O livro "Estação Carandiru' de Dráuzio Varella foi lançado em 1999 pela 'Companhia das Letras'.O médico Dráuzio Varella, famoso pela sua participação em programas da Rede Globo de Televisão trabalhou durante 10 anos como voluntário na Casa de Detenção de São Paulo (popularmente conhecido como Carandiru) que chegou a ter quase oito mil detentos, sendo o maior presídio da América do Sul. Foi o palco do massacre de 111 presos em 2 de outubro de 1992 que tornou  motivo de polêmica (relatado pelo autor nos capítulos : 'O LEVANTE', 'O ATAQUE' E 'O RESCADO'). O presídio foi desativado e parcialmente demolido em 2002, sendo transformado em um parque estadual. O livro ganhou o Prêmio Jaboti 2000 como 'Livro do Ano' e virou filme em 2003, dirigido por Hector Babenco. Estaremos postando alguns dos capítulos mais interessantes do livro.


MANGA

Antes de chegar aos presos, as cartas são abertas. Três pessoas fazem o serviço. Na mesa, um detento corta com tesoura a lateral do envelope, um funcionário esvazia o conteúdo à procura de objetos estranhos e outro detento grampeia a parte aberta. Não há curiosidade em lê-las; nem haveria tempo, são milhares. Em seguida, a correspondência é separada de acordo com o pavilhão ao qual se destina, para ser distribuída pelo carteiro de cela em cela. Uma das lições que aprendi com o funcionário Waldemar Gonçalves foi ouvir os presos que entregam as cartas:
- Para conhecer o andamento da cadeia, é fundamental falar com eles, doutor.
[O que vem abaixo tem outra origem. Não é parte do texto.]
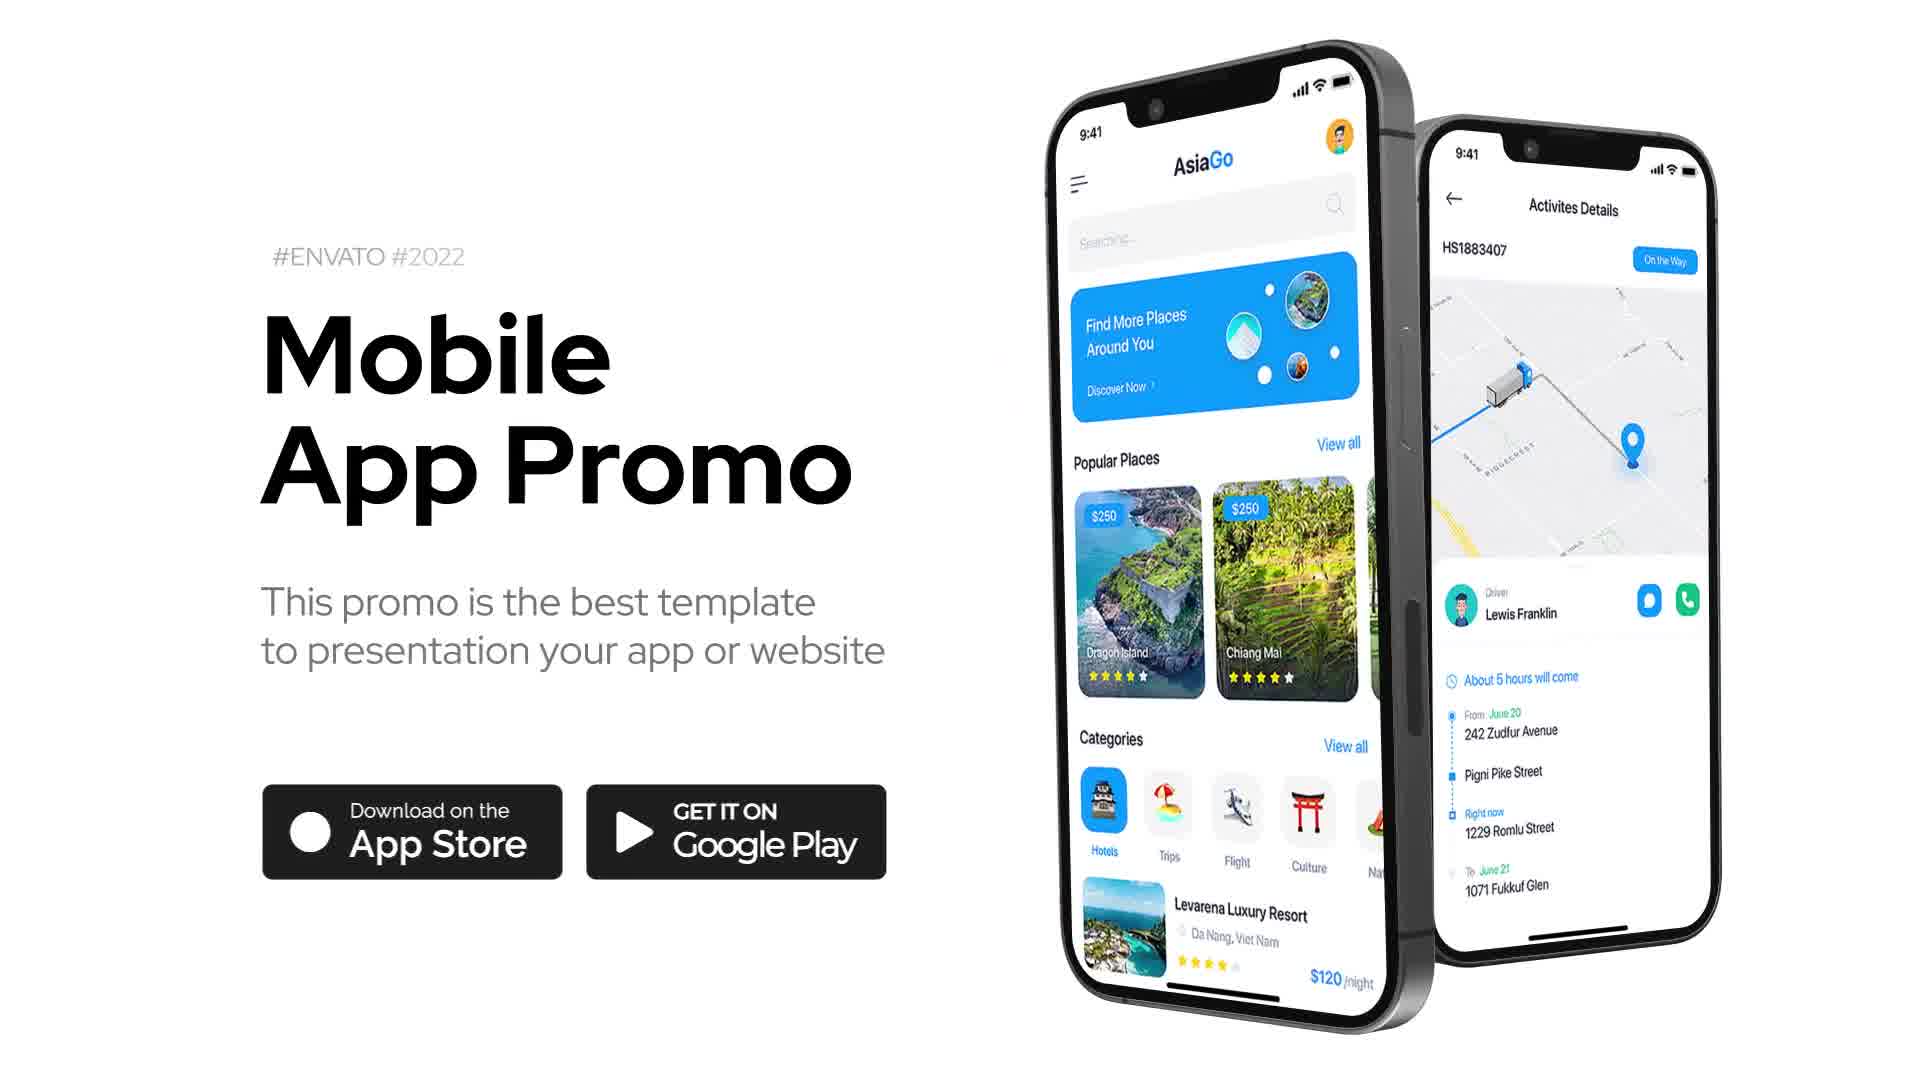 Mobile App Promo for Premiere Pro Videohive 38495584 Premiere Pro Image 12
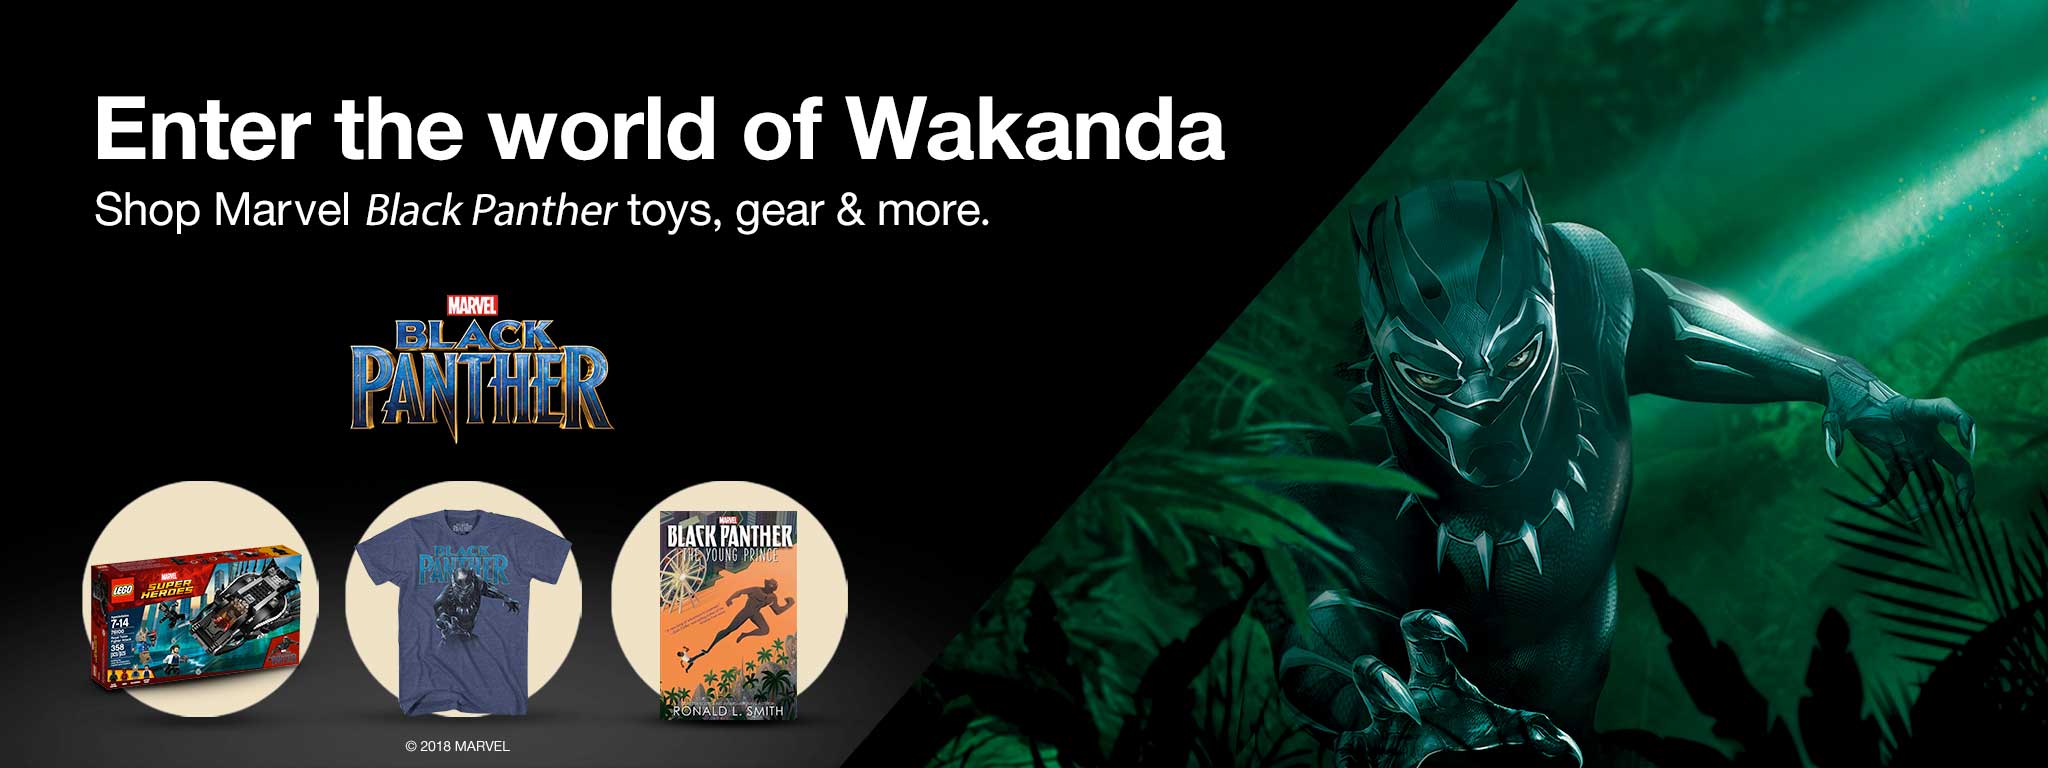 MARVEL BLACK PANTHER. Enter the world of Wakanda. Shop Marvel Black Panther toys, gear & more. Copyright 2018 MARVEL.

Manga, um carteiro detido no pavilhão Sete, gostava de conversar comigo - e eu com ele. Era um sergipano alto, fluente, com um vozeirão, que havia fugido da cidade natal para escapar da vingança dos irmãos de uma moça que alegava ter perdido a virgindade com ele. Com o tempo, Manga confiou em mim a ponto de descrever com detalhes o movimento de droga na cadeia, o que me ajudava na estratégia das campanhas de prevenção à AIDS. Por exemplo, foi ele o primeiro a dizer:
Doutor, nem precisa insistir com os manos para não injetar na veia, que o baque já era. Pode correr a cadeia inteira que o senhor não acha uma seringa para contar a história. Agora é a vez do crack. Veio para arrebentar bunda de malandro. Manga jurava que tinha vindo parar na Detenção por um erro judiciário. Anos antes, ao sair da cadeia de Sorocaba, sem dinheiro, um amigo emprestou-lhe meio quilo de maconha. Vendia na rua do Estudante, onde morava, na Dr. Lundi e na Thomaz Gonzaga, no bairro da Liberdade, centro de São Paulo. Dava para as despesas e sobrava um pouco:
- Para comprar roupinha para o nenê que ia nascer, uma pizza no domingo e cuidar da esposa, dar aquele carinho que toda mulher necessita.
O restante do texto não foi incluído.